This is an excerpt from Integrated Risk Management for Leisure Services by Robert Kauffman & Merry Lynn Moiseichik.
Hints for Dealing With the Media
Numerous dos and don'ts exist when dealing with the media during an interview or press conference. A PIO is formally trained in these techniques. In contrast, a recreation and park professional who is asked to perform the duty of a PIO will be focusing on survival rather than nuance. A person in this situation should stick to the facts and consider the following pointers.
Repeat the question. The PIO or person acting as PIO can ask the reporter to repeat or rephrase a question if it is unclear. This also buys the PIO time to phrase a response.
Avoid simple yes and no responses. When one answers a question with a simple yes or no response, the response is viewed as being abrupt or even curt. For example, a reporter asks, “I heard that Perky Alice was socializing with a male friend, which resulted in her being distracted when performing the rescue. Is this true?” The PIO's response is a simple no followed by a long pause. Murmurs ripple across the group of reporters. It is not what the PIO said, it is what the PIO did not say. Even though one can respond with a simple yes or no, a better response is no followed by the talking point that Perky Alice followed procedure and that she initiated the rescue in a timely manner.
Answer one question at a time. Reporters often ask multifaceted questions that comprise several subquestions. By asking a confusing question, the reporter loses control of the question and the PIO can respond in several ways. She can answer the last subquestion first, answer the most important question, reframe the question to suit her response, or answer the question that best relates to her talking points. After giving a response, the PIO can simply move on to the next question or can ask the reporter whether the question had another part. Regardless, the PIO should answer one question at a time to maintain focus and should be courteous and polite to the reporter.
Turn negatives into positives. When responding to questions, the PIO should take the high road rather than the low road and should think positively. Rather than providing a response such as “No, we would never do that,” which is reactive and defensive, the PIO can provide a response such as “We have initiated a new policy” or “Our current procedure is….” These responses may not be truly proactive, but they move the conversation in a positive direction.
Say what you mean. A PIO should be careful of leading questions (e.g., “Would you say…”). A person skilled in this questioning technique can often lead a PIO down a path where, in the end, the questioner has the PIO agreeing with something she does not really agree with. The PIO may agree with three fourths of the question, but the problem lies in the part that she does not agree with. A PIO in this situation should take control of the question and say what she means. Figure 11.7 illustrates the PIO taking control of the question and directing the response to one or more of the talking points.

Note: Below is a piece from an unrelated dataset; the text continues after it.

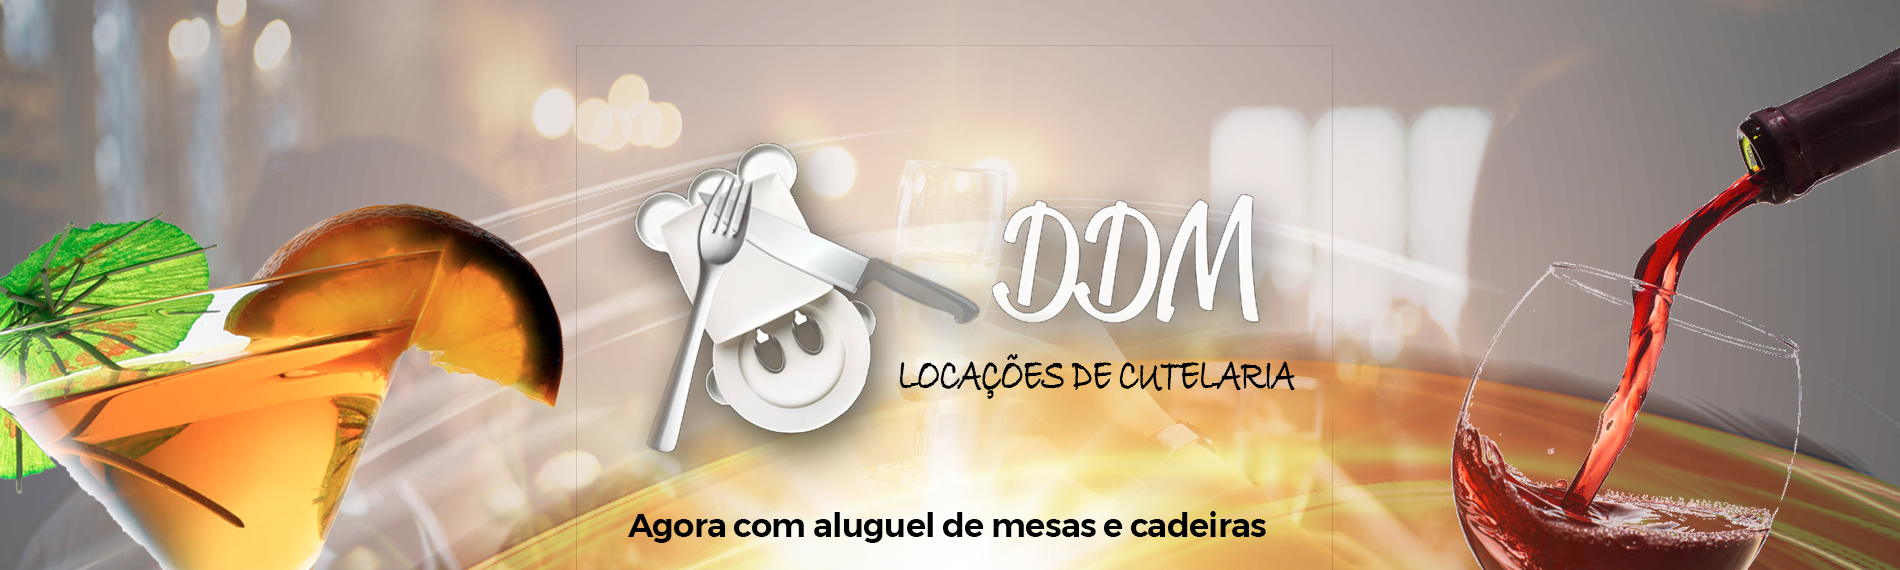 banner da empresa DDM Locações de Cutelaria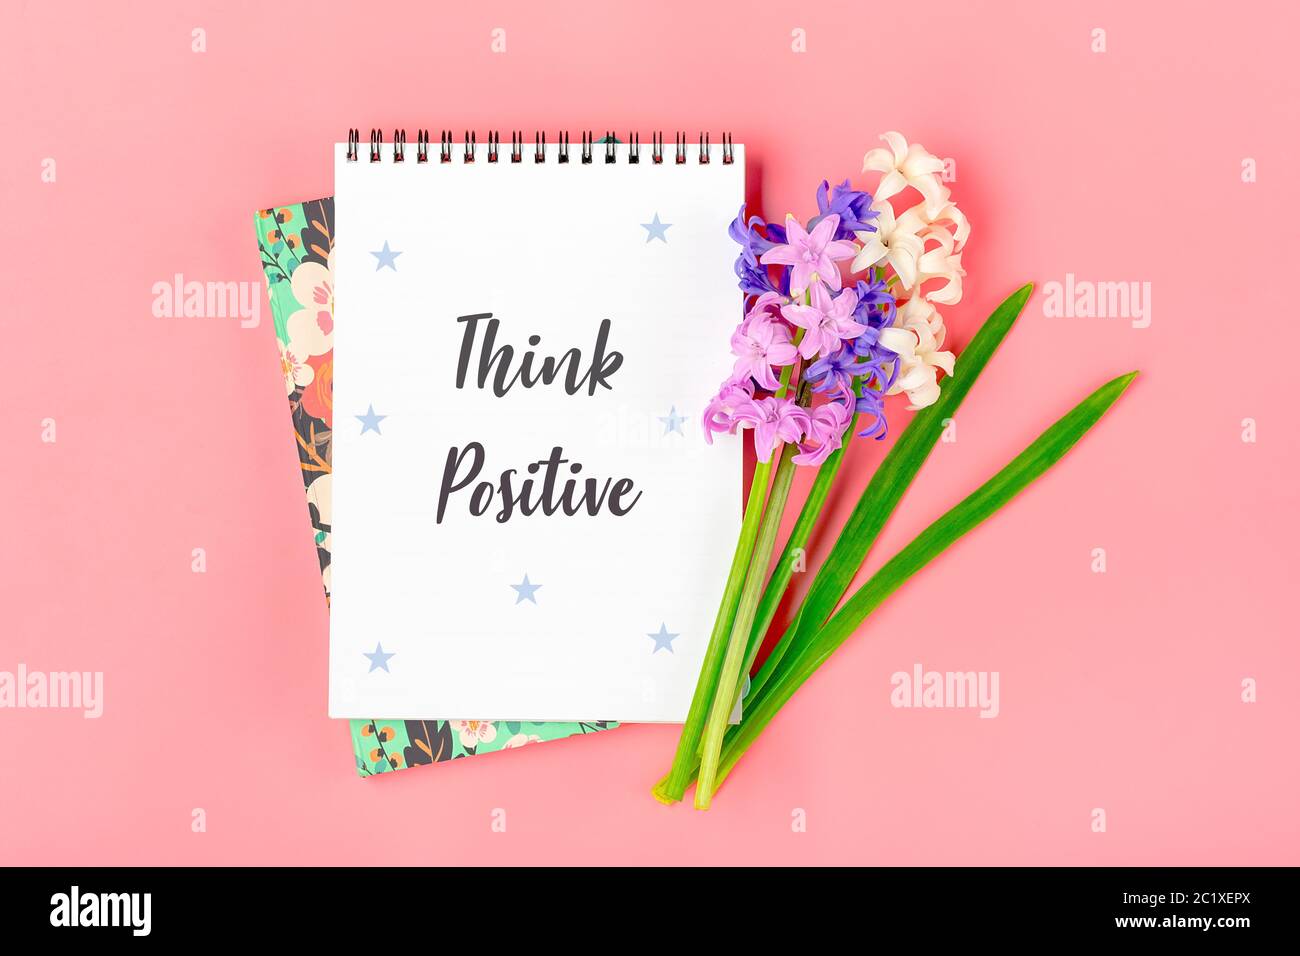 Weißes Notizbuch, Blumenstrauß von Hyazinthen auf rosa Hintergrund Flat Lay Draufsicht Text Think positive - Motivations-Slogan Kreatives Konzept Stockfoto

Avoid hypothetical questions. A PIO faced with a hypothetical (i.e., “What if…”) question should stick to the facts. Explaining what will unfold in the future is not necessarily making a hypothesis; it is merely explaining what will happen. Although it is easier said than done, the PIO can simply respond that the question is hypothetical and that she cannot answer it. Or she can indicate that a policy or procedure in place should address the hypothetical question.
Correct inaccuracies. The PIO should correct inaccuracies when they become known. Inaccuracies normally occur because a news story is unfolding and new and more accurate information is discovered. Sometimes inaccuracies can arise because the media chooses to editorialize on the facts. At the beginning of a press conference, the PIO should state the pertinent facts and avoid any political editorializing.
Do not let your guard down. The PIO should never go off the record and should avoid hypothetical questions and speculation. The PIO must stick to the facts and objectives or talking points.
Do not linger. A crisis is an unfolding event, and information becomes available as the event unfolds. When meeting with the press, the PIO can announce the new information and indicate that the event is unfolding and that she will present more information as it becomes available. Normally, she will announce at the beginning of the press conference that she won't be taking questions. After presenting the new information, she can then leave. If appropriate, the PIO can take a question or two, but she should not linger—it will only invite more questions that she cannot answer. Usually taking one or two questions during an unfolding event suggests to anyone watching on TV that the PIO is being responsive to the media. Close inspection of the questions usually reveals that the question being asked has already been addressed or the question can't be addressed because the event is unfolding, the answer is not yet known, and it can't be answered because it would be speculative.